After performing an exploratory data analysis and understanding our data, we will use the xgboost model to predict employee departure. the given dataset.

XGboost Model

### Data Split
set.seed(2022)
df_split <- initial_split(
  df, 
  prop = 0.2, 
  strata = left
)

#Data Preprocessing
xgboost_recipe <- 
  recipe(formula = left ~ ., data = training(df_split)) %>% 
  step_dummy(all_nominal_predictors()) %>% 
  # step_zv removes variables that contain only a single value
  step_zv(all_predictors())

#model specification
xgboost_spec <- 
  boost_tree(trees = 100) %>% 
  set_mode("classification") %>% 
  set_engine("xgboost") 

#model workflow
xgboost_workflow <- 
  workflow() %>% 
  add_recipe(xgboost_recipe) %>% 
  add_model(xgboost_spec)

#fit model
xgb_fit <- xgboost_workflow %>% 
  fit(training(df_split))
## [09:08:44] WARNING: amalgamation/../src/learner.cc:1115: Starting in XGBoost 1.3.0, the default evaluation metric used with the objective 'binary:logistic' was changed from 'error' to 'logloss'. Explicitly set eval_metric if you'd like to restore the old behavior.
#Predicted results on test data
pred_class <- predict(xgb_fit, 
                     testing(df_split),
                     type = "class")

pred_results <- testing(df_split) %>% 
  select(left) %>% 
  bind_cols(pred_class) %>% 
  mutate_at(vars(left), as.factor)
  
#model accuracy
accuracy(pred_results,
          truth = left,
          estimate = .pred_class)
## # A tibble: 1 x 3
##   .metric  .estimator .estimate
##   <chr>    <chr>          <dbl>
## 1 accuracy binary         0.853
#variables importance
xgb_fit %>% 
  pull_workflow_fit() %>%
  vip(geom = "col")

The model accuracy on the test dataset is about 85.3% which is good, the variables average hours per month, job satisfaction and review were shown to be the most important in the model.

Recommendations

Working hours appears to be the most important factor in employee departure.

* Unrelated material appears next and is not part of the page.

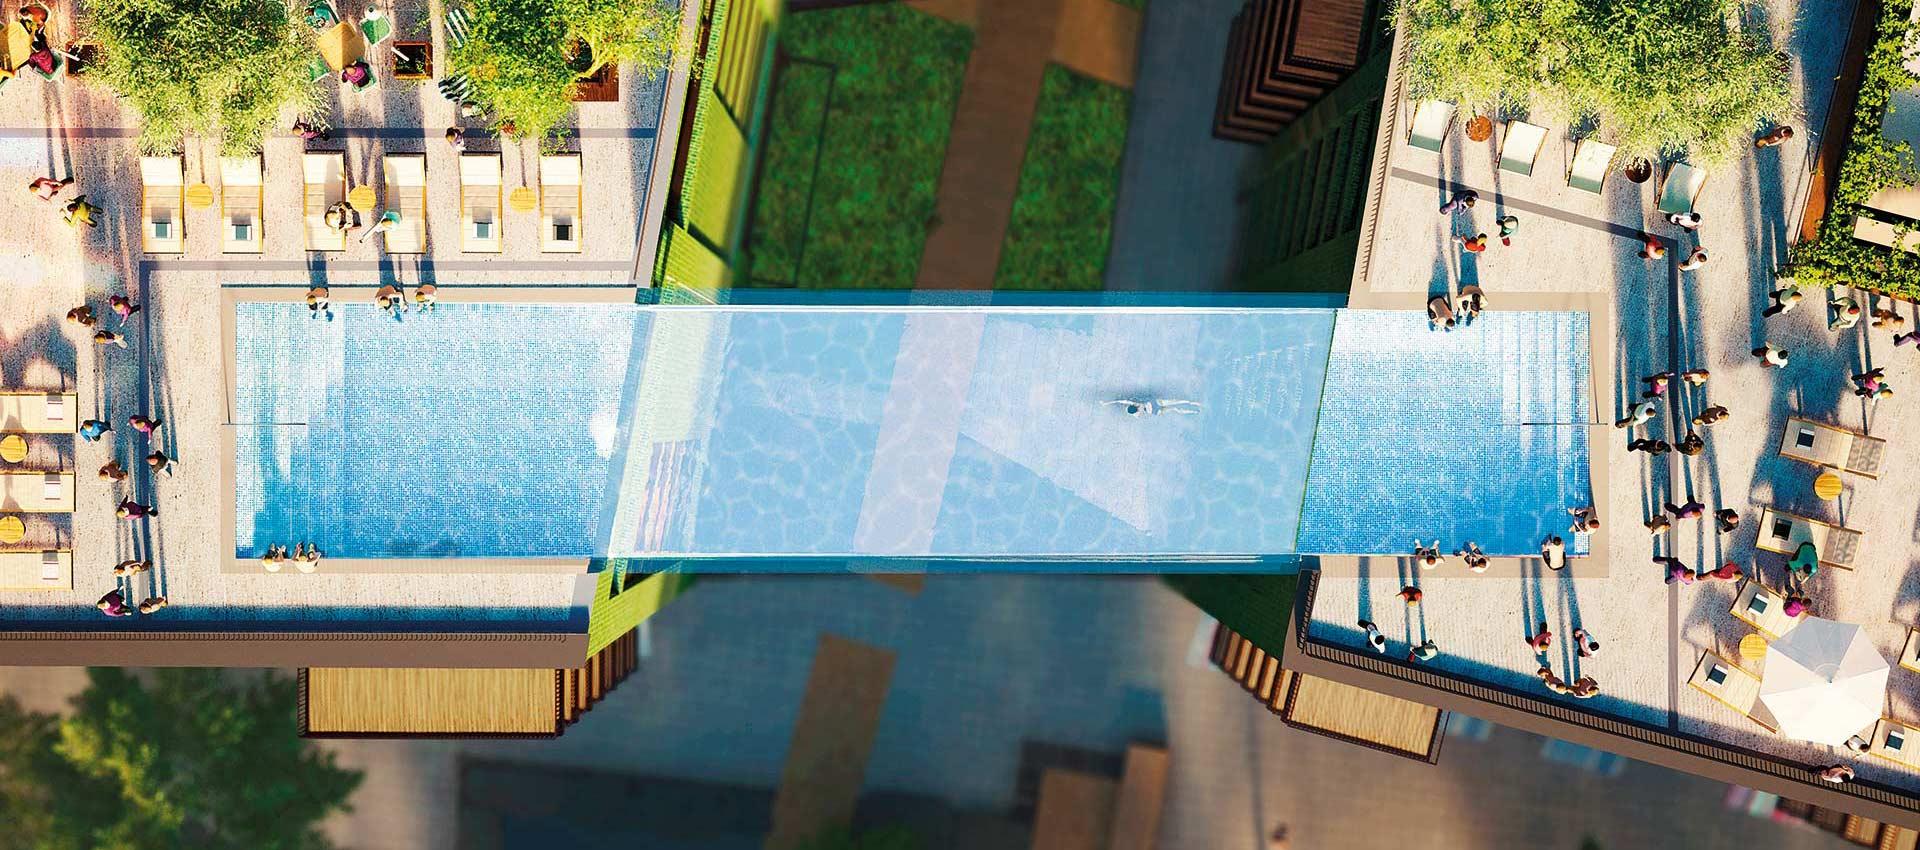 La Sky Pool vista dall'alto

The organization should try to reduce the number of hours spent by an employee especially those working in departments with high turnover rate such as IT department. Most staffs leaving have a good working record with the organization, to encourage staffs staying, the management needs to increase their pay and offer promotion to them when due as a reward for their hard-work. These conditions if met is likely to increase employees job satisfaction, this will help to curb the high rate of employee turnover.